● EXERCISE GOAL
Quote all of the data exactly as given. Skip every picture it contains.

------ DATA EXTRACT ------

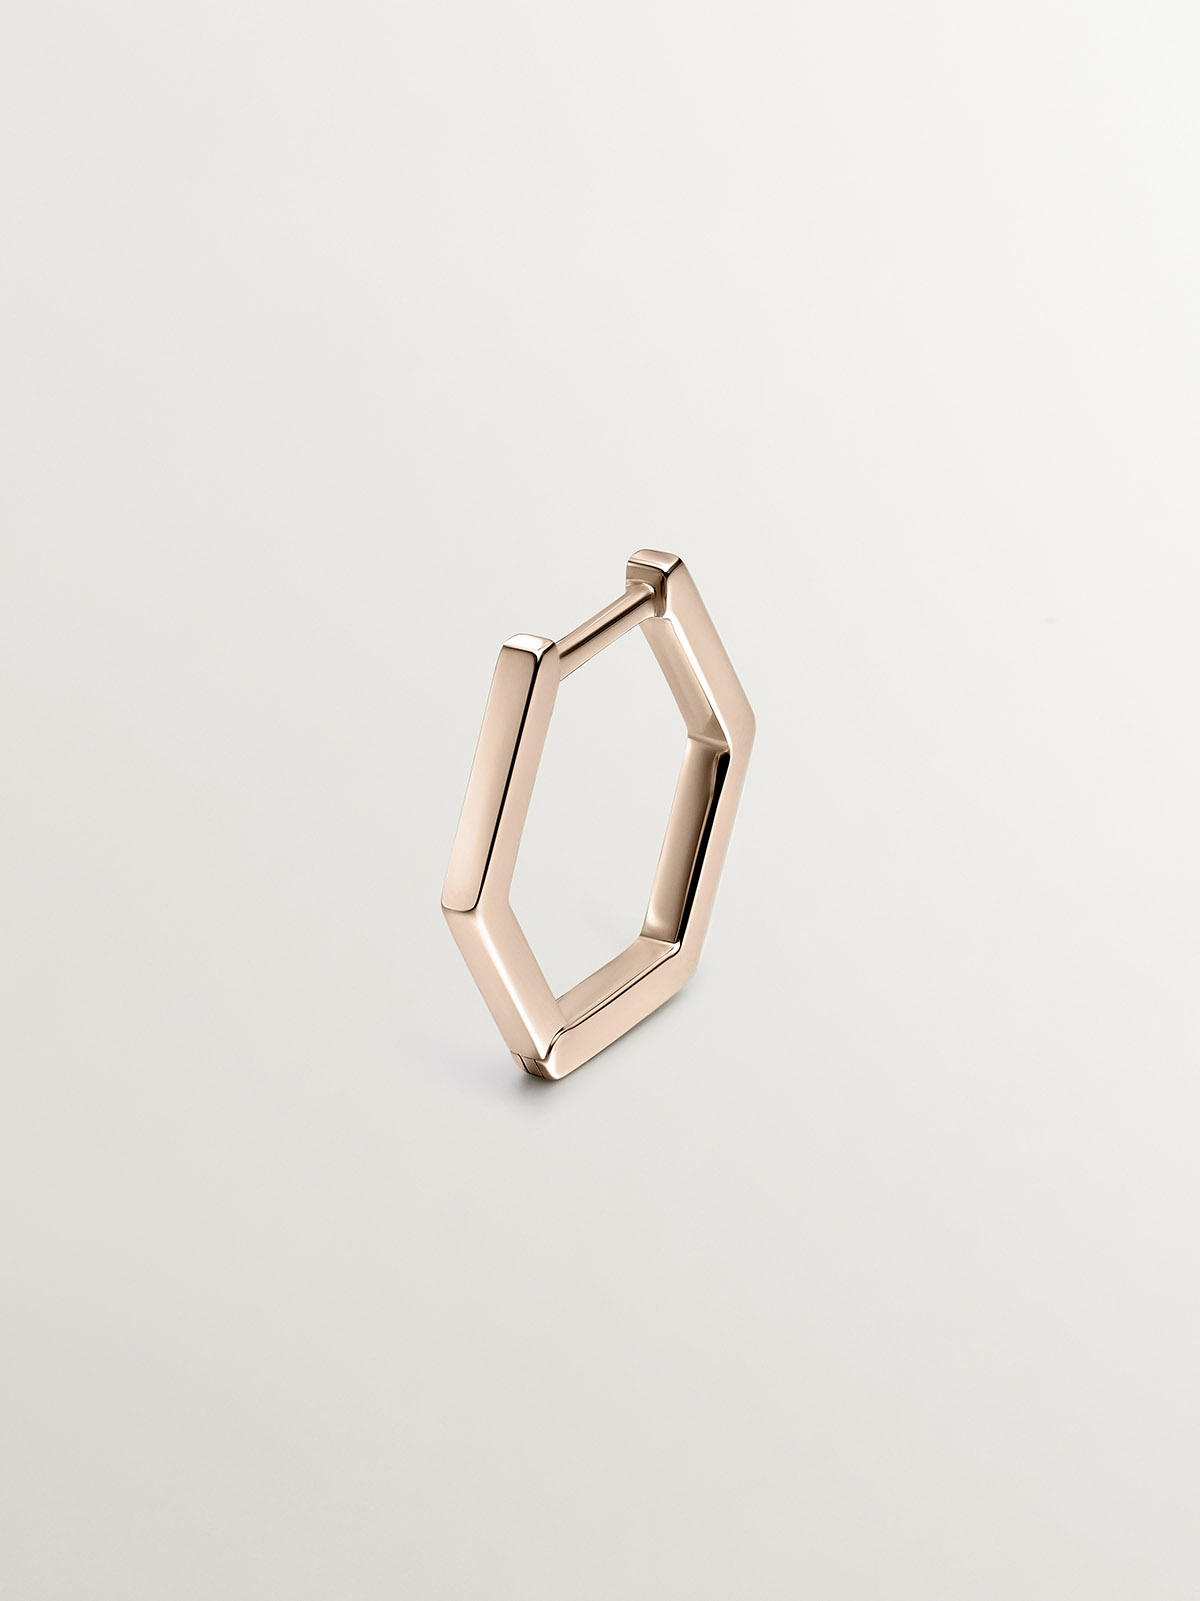 Pendiente individual de aro de oro rosa de 9K con forma hexagonal
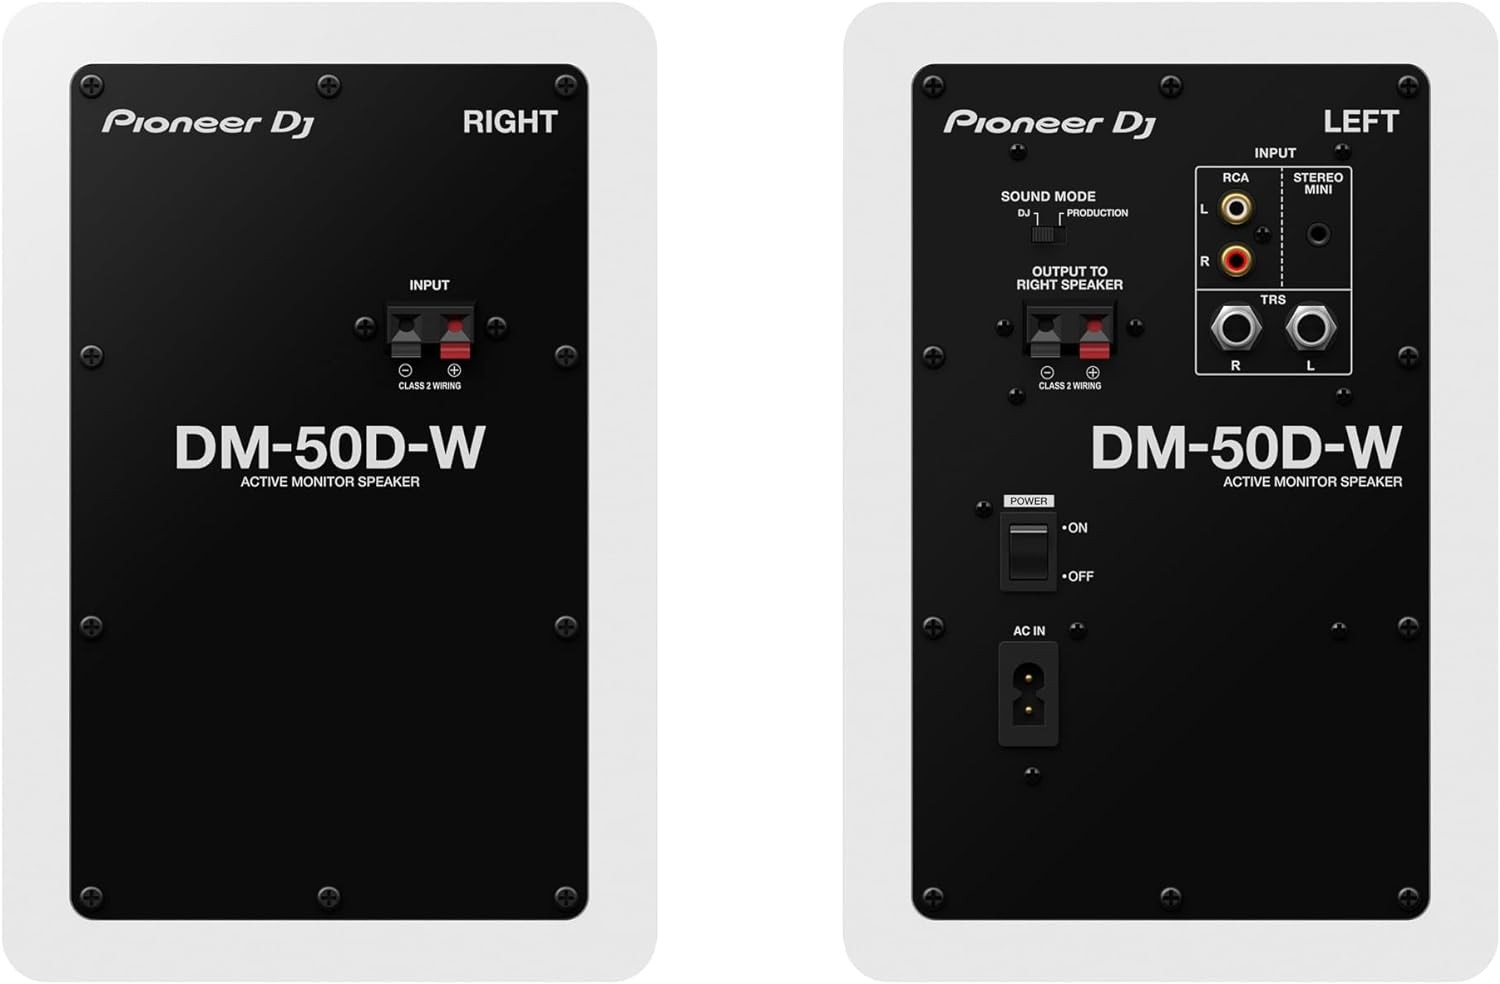 camaras y audio - Monitores Pioneer DJ DM-50D Altavoz de monitor activo de 5 pulgadas - Blanco 3
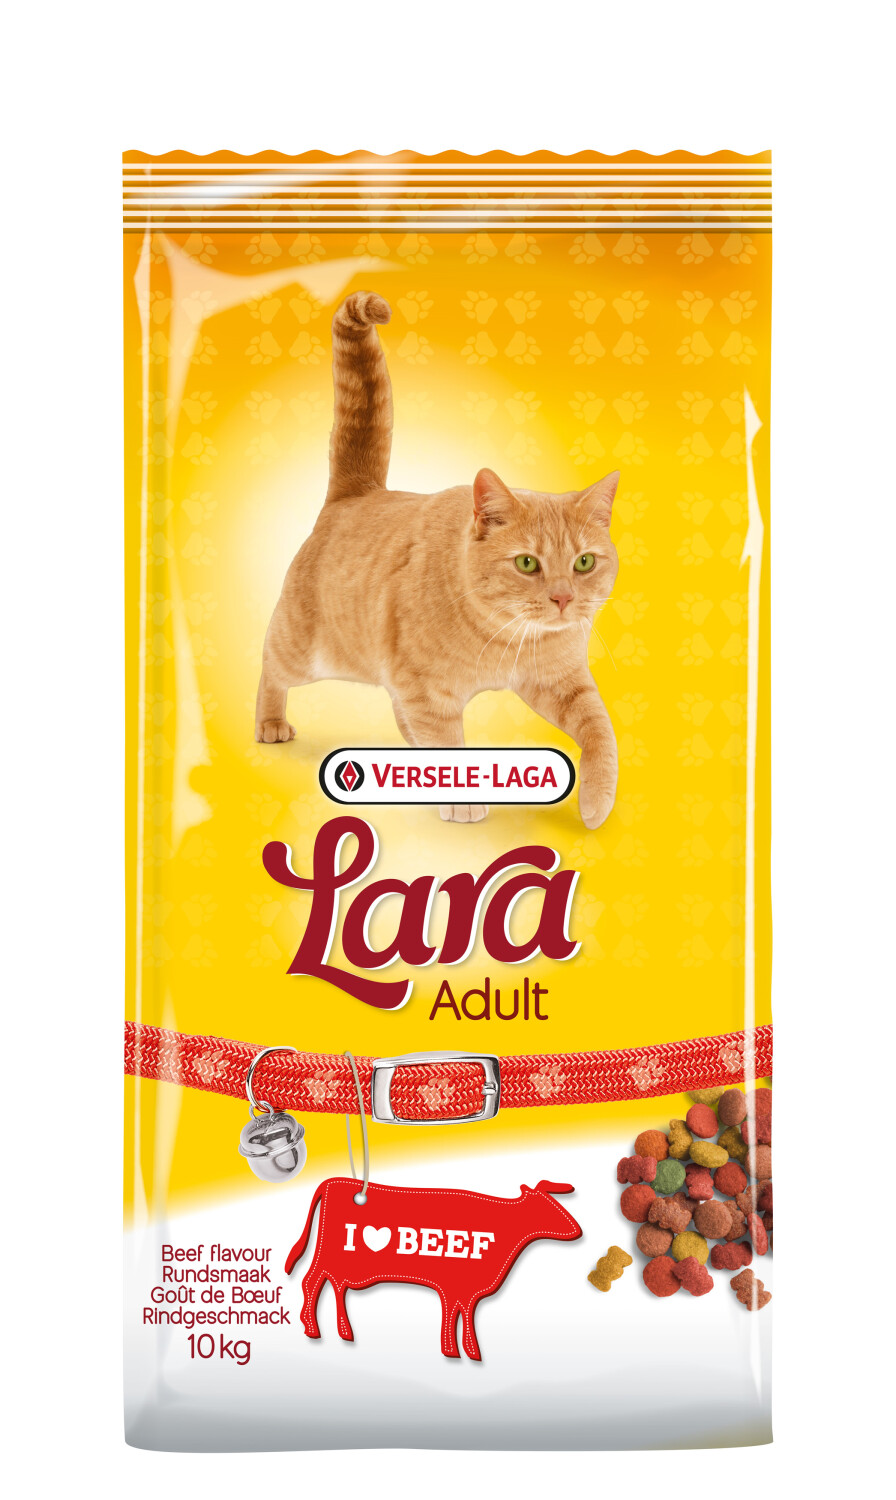 Afbeelding Versele-Laga Lara Rund kattenvoer 10 kg door Tuinadvies.be
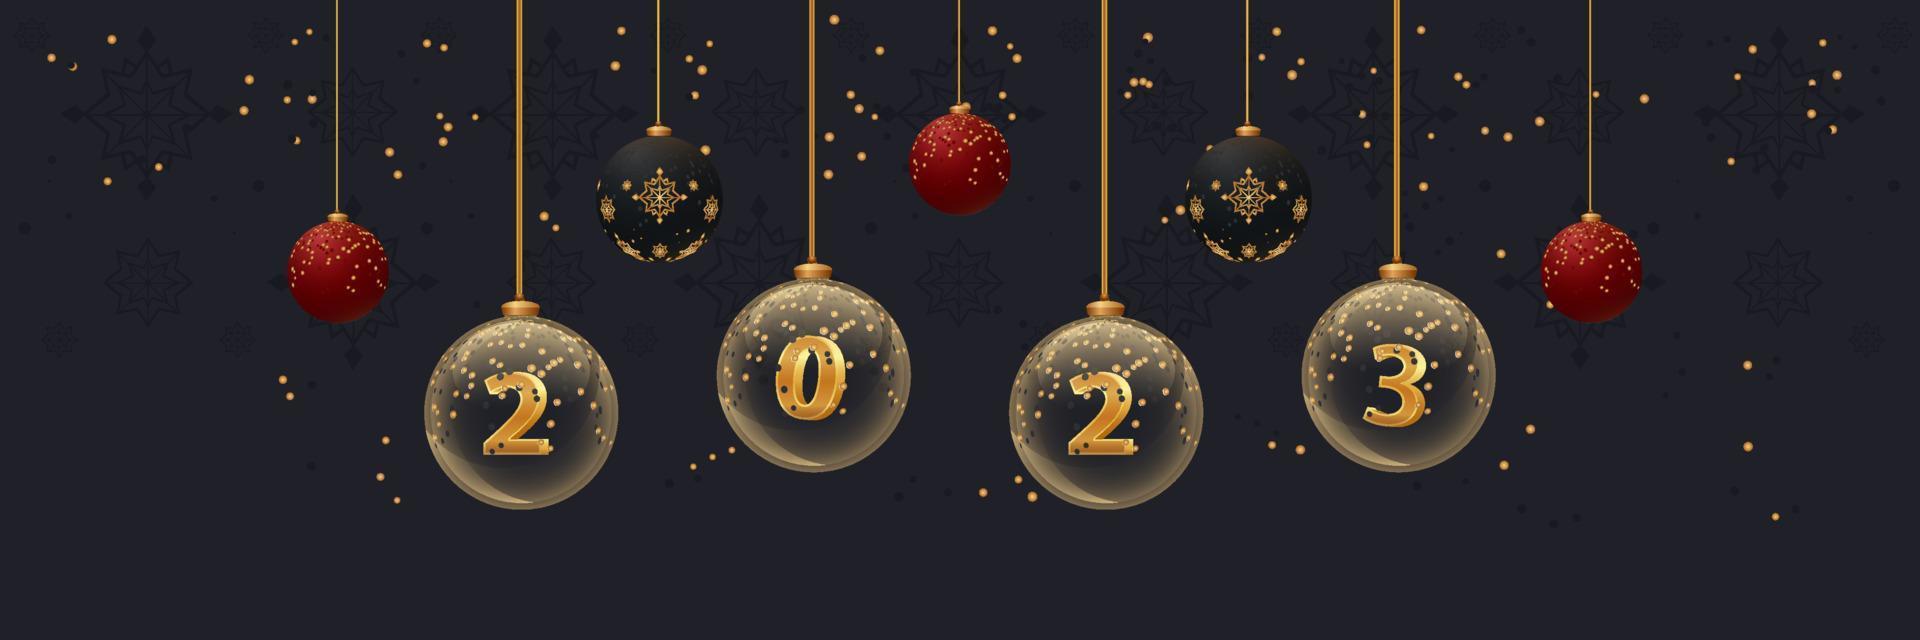 2023 Neujahrsbanner auf dunklem Hintergrund. Weihnachtsflyer mit Glaskugeln mit Zahlen und Glitzer. Grußkarten-Design-Vorlage vektor

------

● RESPONSE TO THIS EXERCISE
 Pendiente individual de aro de oro rosa de 9K con forma hexagonal
 camaras y audio - Monitores Pioneer DJ DM-50D Altavoz de monitor activo de 5 pulgadas - Blanco 3
 Afbeelding Versele-Laga Lara Rund kattenvoer 10 kg door Tuinadvies.be
 2023 Neujahrsbanner auf dunklem Hintergrund. Weihnachtsflyer mit Glaskugeln mit Zahlen und Glitzer. Grußkarten-Design-Vorlage vektor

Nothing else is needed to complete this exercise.